The URLs are different, but the content of the pages is the same. Is this ever acceptable? After all, it is just a couple of identical pages on the site! Well, duplicate content can be problematic.
Not only does duplicate content make SEO promotion difficult, but it can also have a negative impact on page rankings in Google SERPs. To avoid this, you need to know how to get rid of internal duplicate pages.
The concept of duplicate pages and their types
Duplicates: multiple URLs for the same content
Duplicate content is individual site pages that have completely or partially the same content. In essence, these are copies of an entire page or a specific part of it, accessible via unique URLs.
What causes duplicates to appear on the site?
- Automatic generation of duplicate pages by the web resource's content management system (CMS) engine. For example:
- https://website.net/press-centre/cat/view/identifier/novosti/;
- https://website.net/press-centre/novosti/.
- Mistakes made by webmasters.

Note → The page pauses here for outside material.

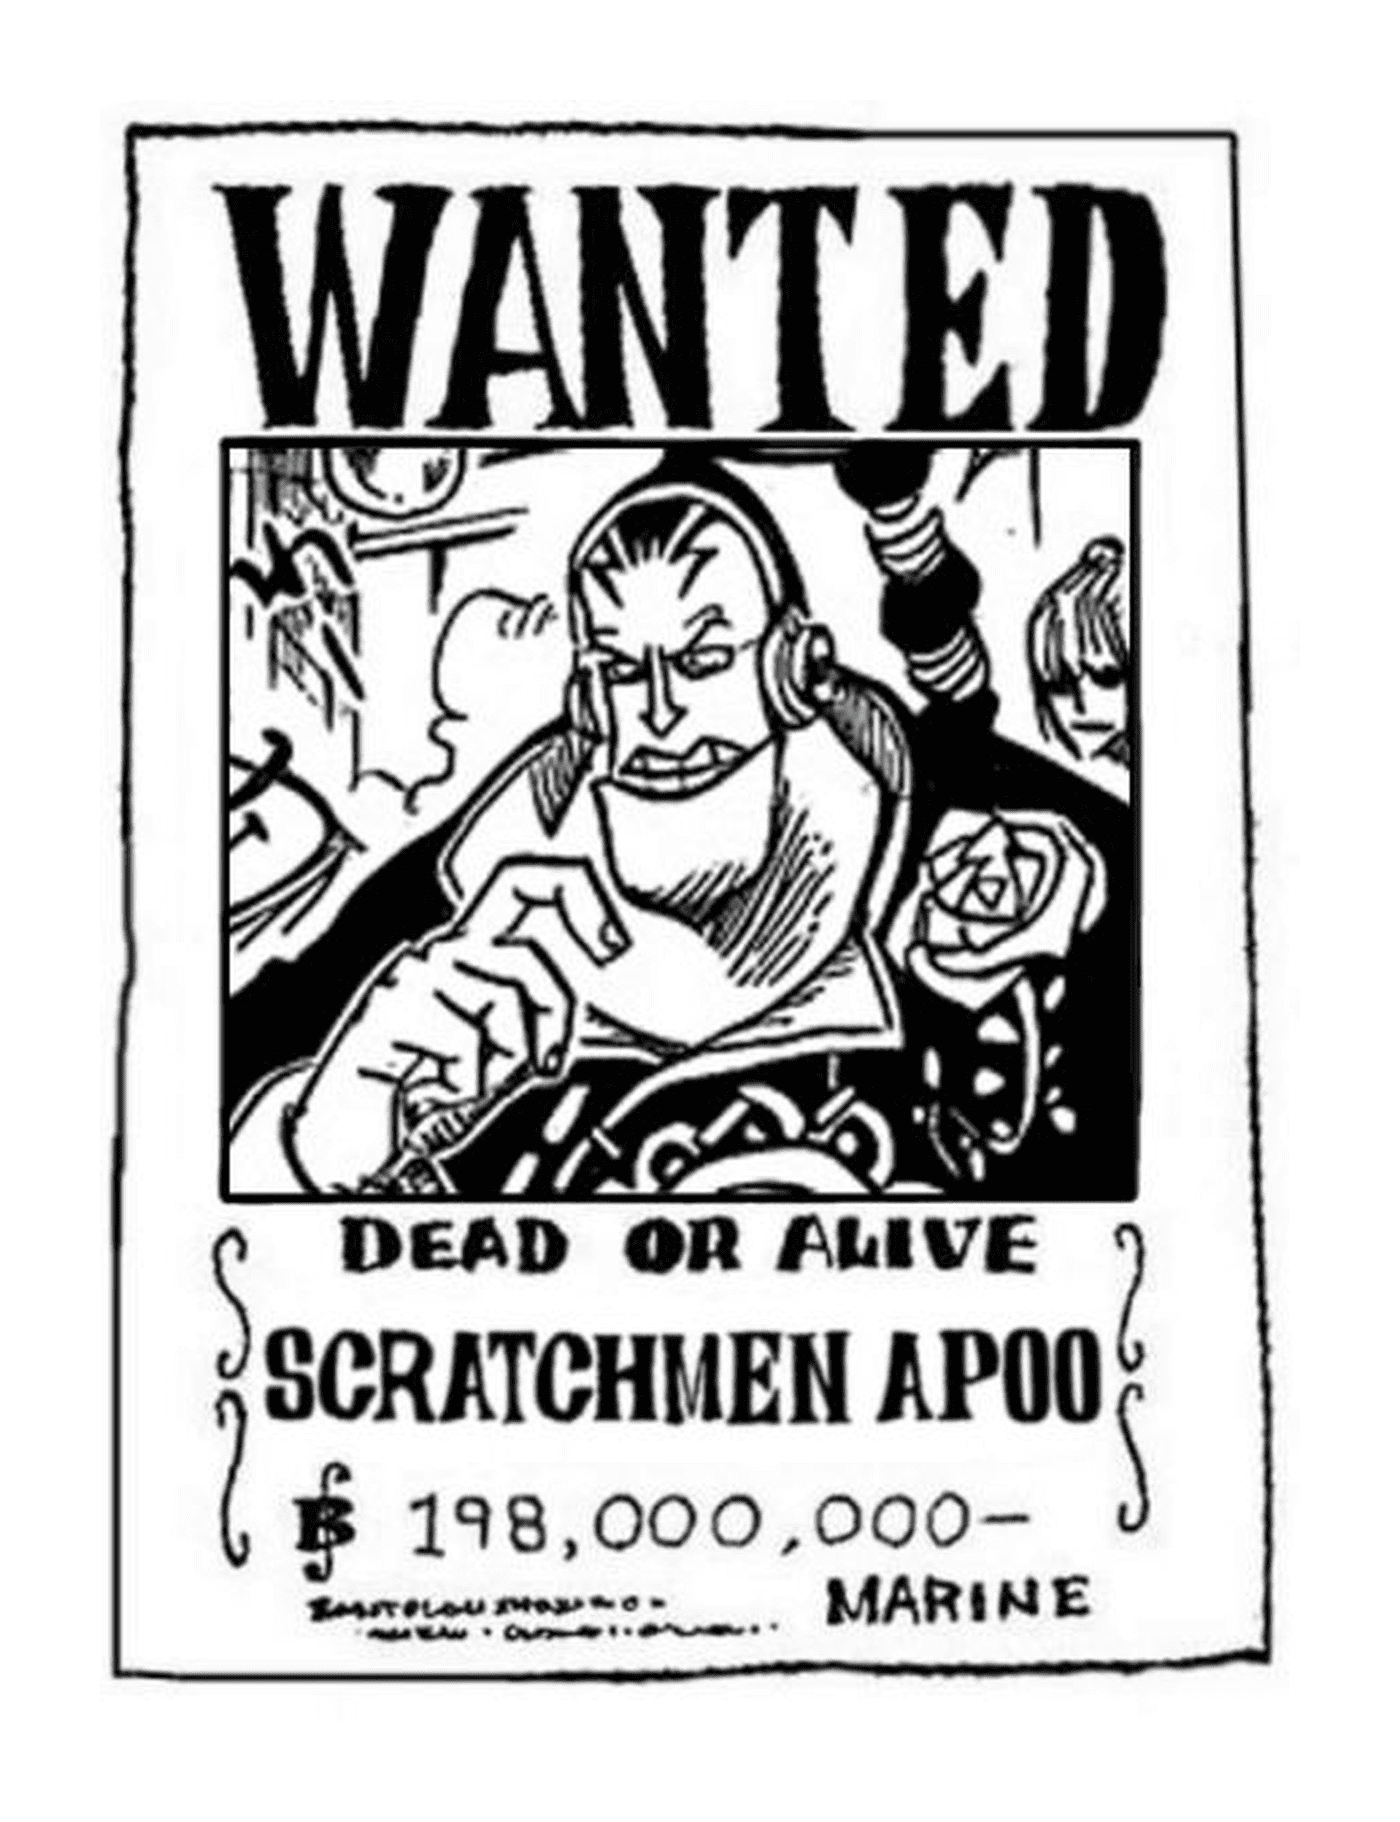  Wanted Scratchmen Apoo, dead or alive

For example, when the same product is presented in several categories and is available on different pages:
- https://website.net/category-1/product-1/;
- https://website.net/category-2/product-1/.
- Changes in site structure that occur when existing pages are assigned new addresses, but their duplicates with the old addresses are preserved. For example:
- https://website.net/catalog/product;
- https://website.net/catalog/category/product.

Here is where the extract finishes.